The corresponding API query in this example is similar to the command in Retrieving the DB load average for top SQL. However, the query.json file has the following contents.

[ { "Metric": "db.load.avg", "GroupBy": { "Group": "db.wait_event", "Limit": 5 }, "Filter": { "db.sql_tokenized.id": "AKIAIOSFODNN7EXAMPLE" } } ]

For Linux, macOS, or Unix:

aws pi get-resource-metrics \ --service-type RDS \ --identifier db-ID \ --start-time 2018-10-30T00:00:00Z \ --end-time 2018-10-30T01:00:00Z \ --period-in-seconds 60 \ --metric-queries file://query.json

For Windows:

aws pi get-resource-metrics ^ --service-type RDS ^ --identifier db-ID ^ --start-time 2018-10-30T00:00:00Z ^ --end-time 2018-10-30T01:00:00Z ^ --period-in-seconds 60 ^ --metric-queries file://query.json

The response looks similar to the following.

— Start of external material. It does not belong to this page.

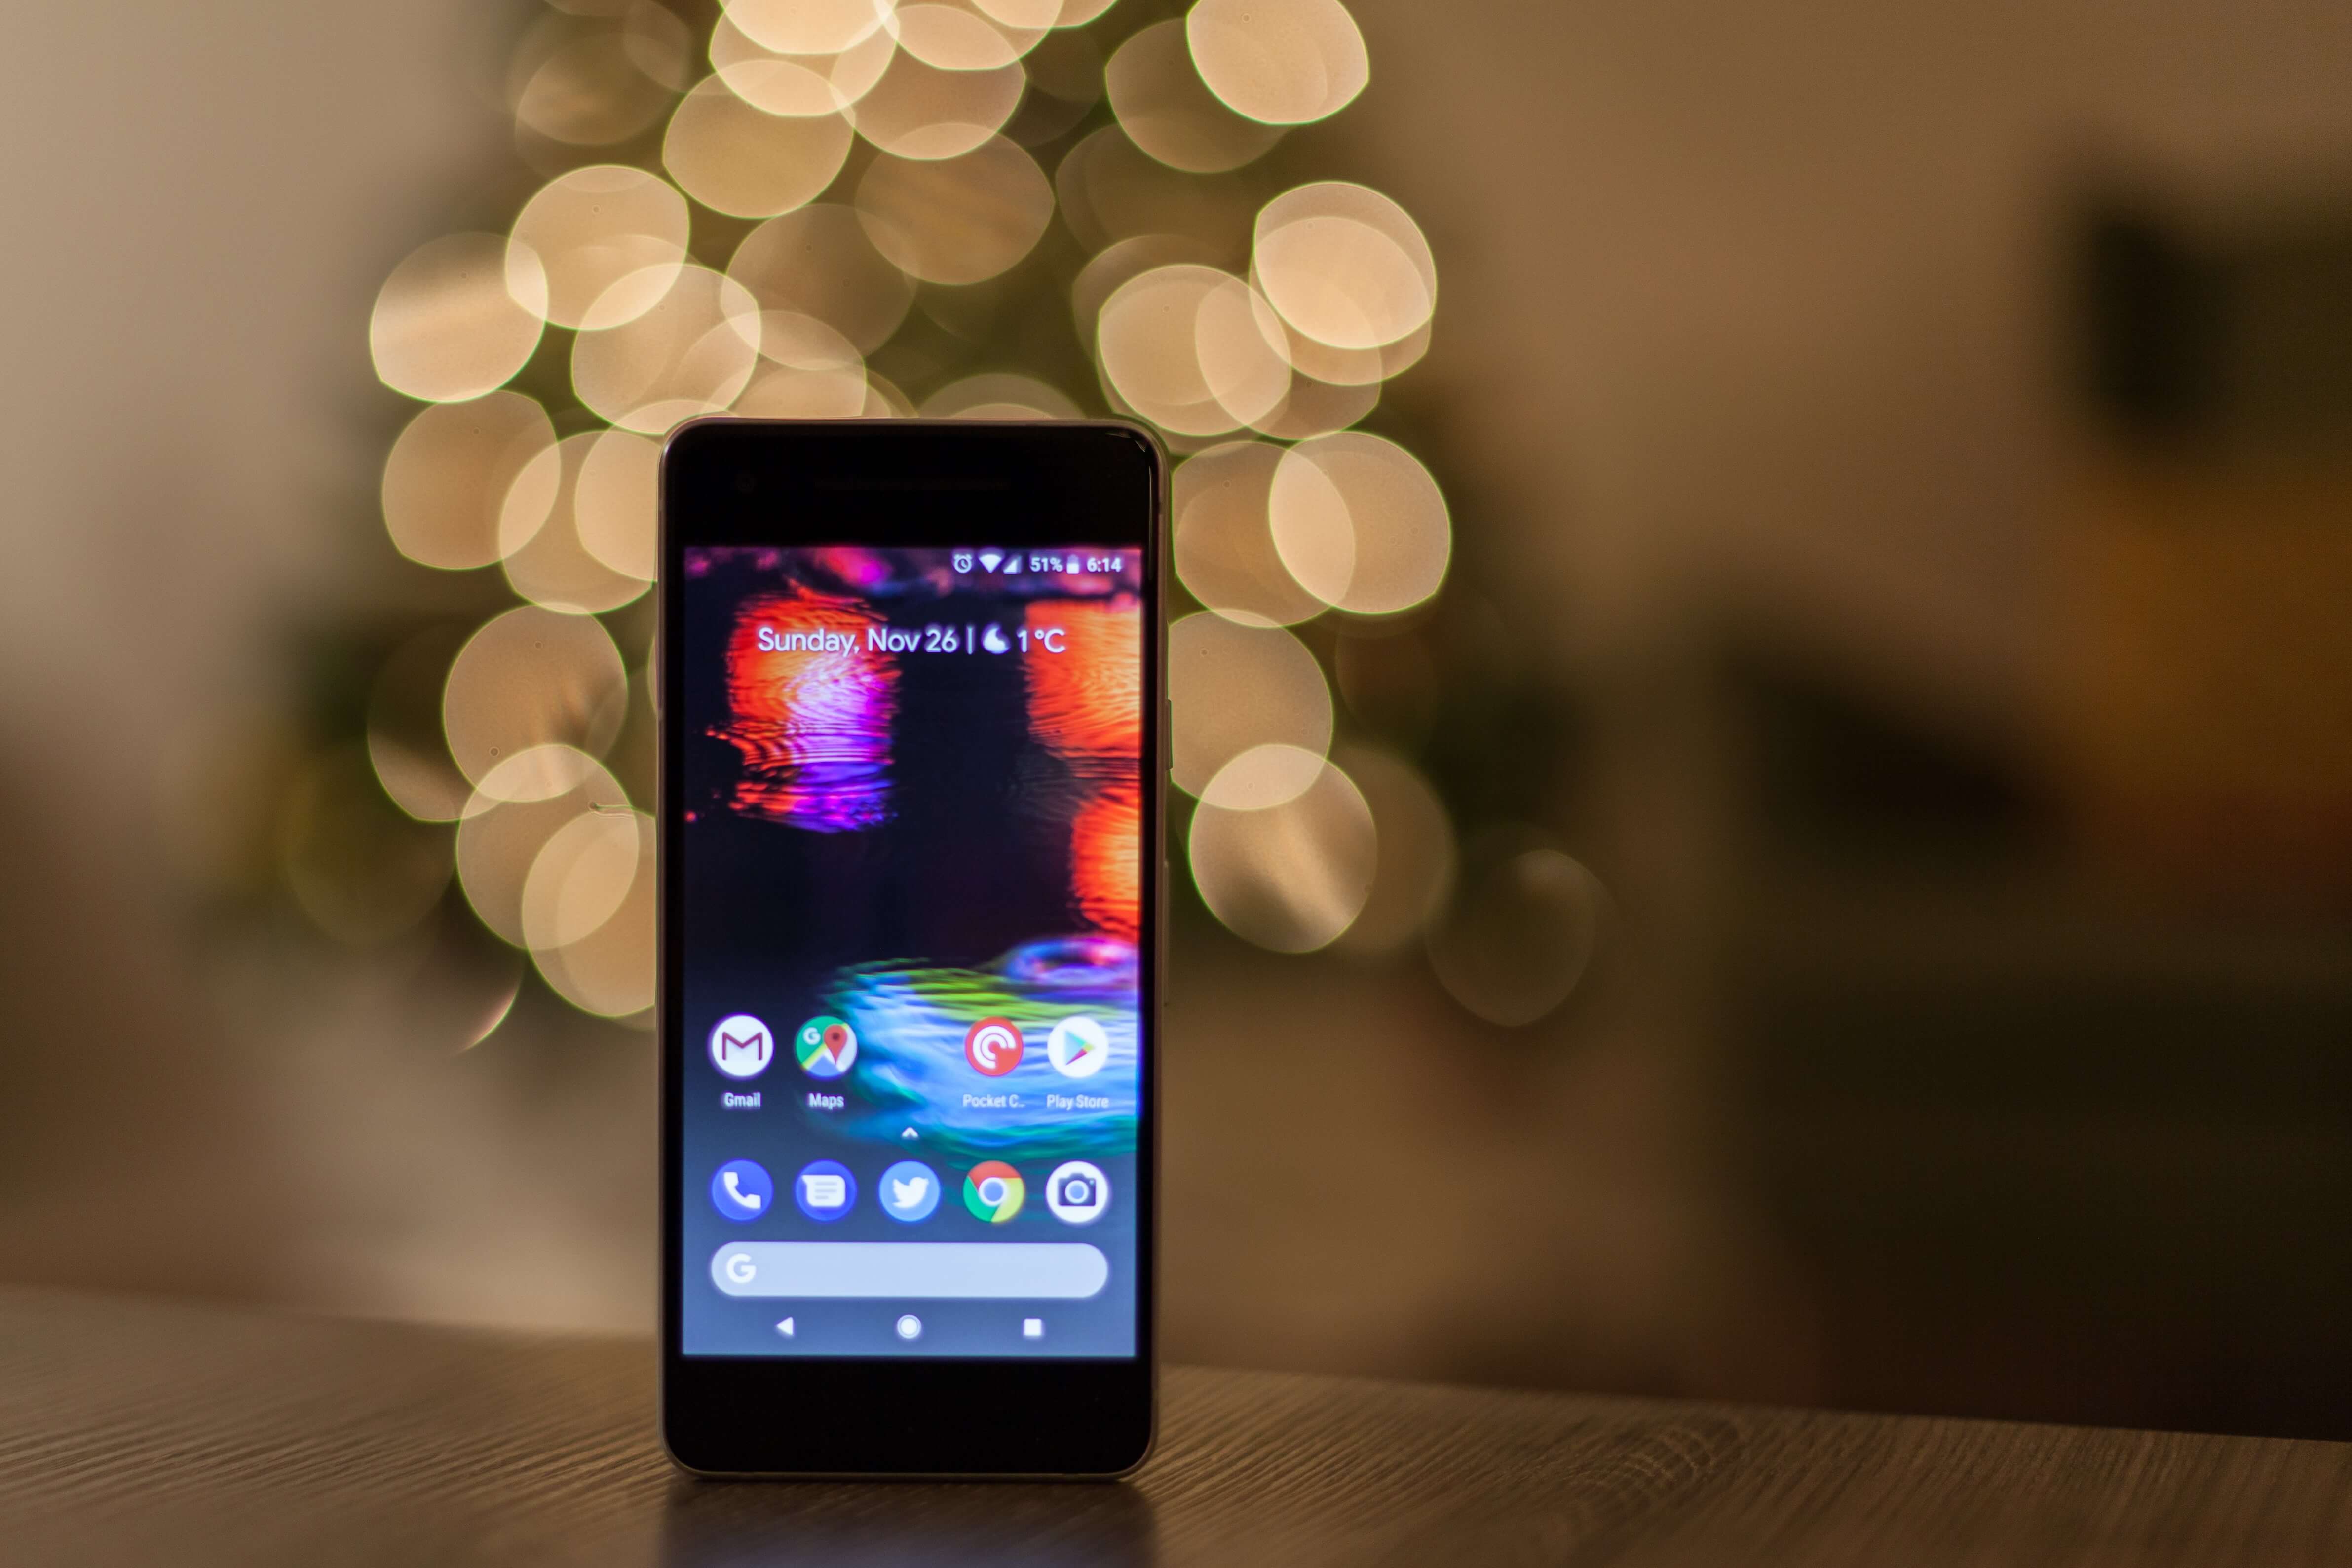 A smartphone turning on Christmas lights

{ "Identifier": "db-XXX", "AlignedStartTime": 1556215200.0, "MetricList": [ { "Key": { "Metric": "db.load.avg" }, "DataPoints": [ { "Timestamp": 1556218800.0, "Value": 1.4878117913832196 }, { "Timestamp": 1556222400.0, "Value": 1.192823803967328 } ] }, { "Key": { "Metric": "db.load.avg", "Dimensions": { "db.wait_event.type": "io", "db.wait_event.name": "wait/io/aurora_redo_log_flush" } }, "DataPoints": [ { "Timestamp": 1556218800.0, "Value": 1.1360544217687074 }, { "Timestamp": 1556222400.0, "Value": 1.058051341890315 } ] }, { "Key": { "Metric": "db.load.avg", "Dimensions": { "db.wait_event.type": "io", "db.wait_event.name": "wait/io/table/sql/handler" } }, "DataPoints": [ { "Timestamp": 1556218800.0, "Value": 0.16241496598639457 }, { "Timestamp": 1556222400.0, "Value": 0.05163360560093349 } ] }, { "Key": { "Metric": "db.load.avg", "Dimensions": { "db.wait_event.type": "synch", "db.wait_event.name": "wait/synch/mutex/innodb/aurora_lock_thread_slot_futex" } }, "DataPoints": [ { "Timestamp": 1556218800.0, "Value": 0.11479591836734694 }, { "Timestamp": 1556222400.0, "Value": 0.013127187864644107 } ] }, { "Key": { "Metric": "db.load.avg", "Dimensions": { "db.wait_event.type": "CPU", "db.wait_event.name": "CPU" } }, "DataPoints": [ { "Timestamp": 1556218800.0, "Value": 0.05215419501133787 }, { "Timestamp": 1556222400.0, "Value": 0.05805134189031505 } ] }, { "Key": { "Metric": "db.load.avg", "Dimensions": { "db.wait_event.type": "synch", "db.wait_event.name": "wait/synch/mutex/innodb/lock_wait_mutex" } }, "DataPoints": [ { "Timestamp": 1556218800.0, "Value": 0.017573696145124718 }, { "Timestamp": 1556222400.0, "Value": 0.002333722287047841 } ] } ], "AlignedEndTime": 1556222400.0 } //end of response

In this response, all values are filtered according to the contribution of tokenized SQL AKIAIOSFODNN7EXAMPLE specified in the query.json file. The keys also might follow a different order than a query without a filter, because it's the top five wait events that affected the filtered SQL.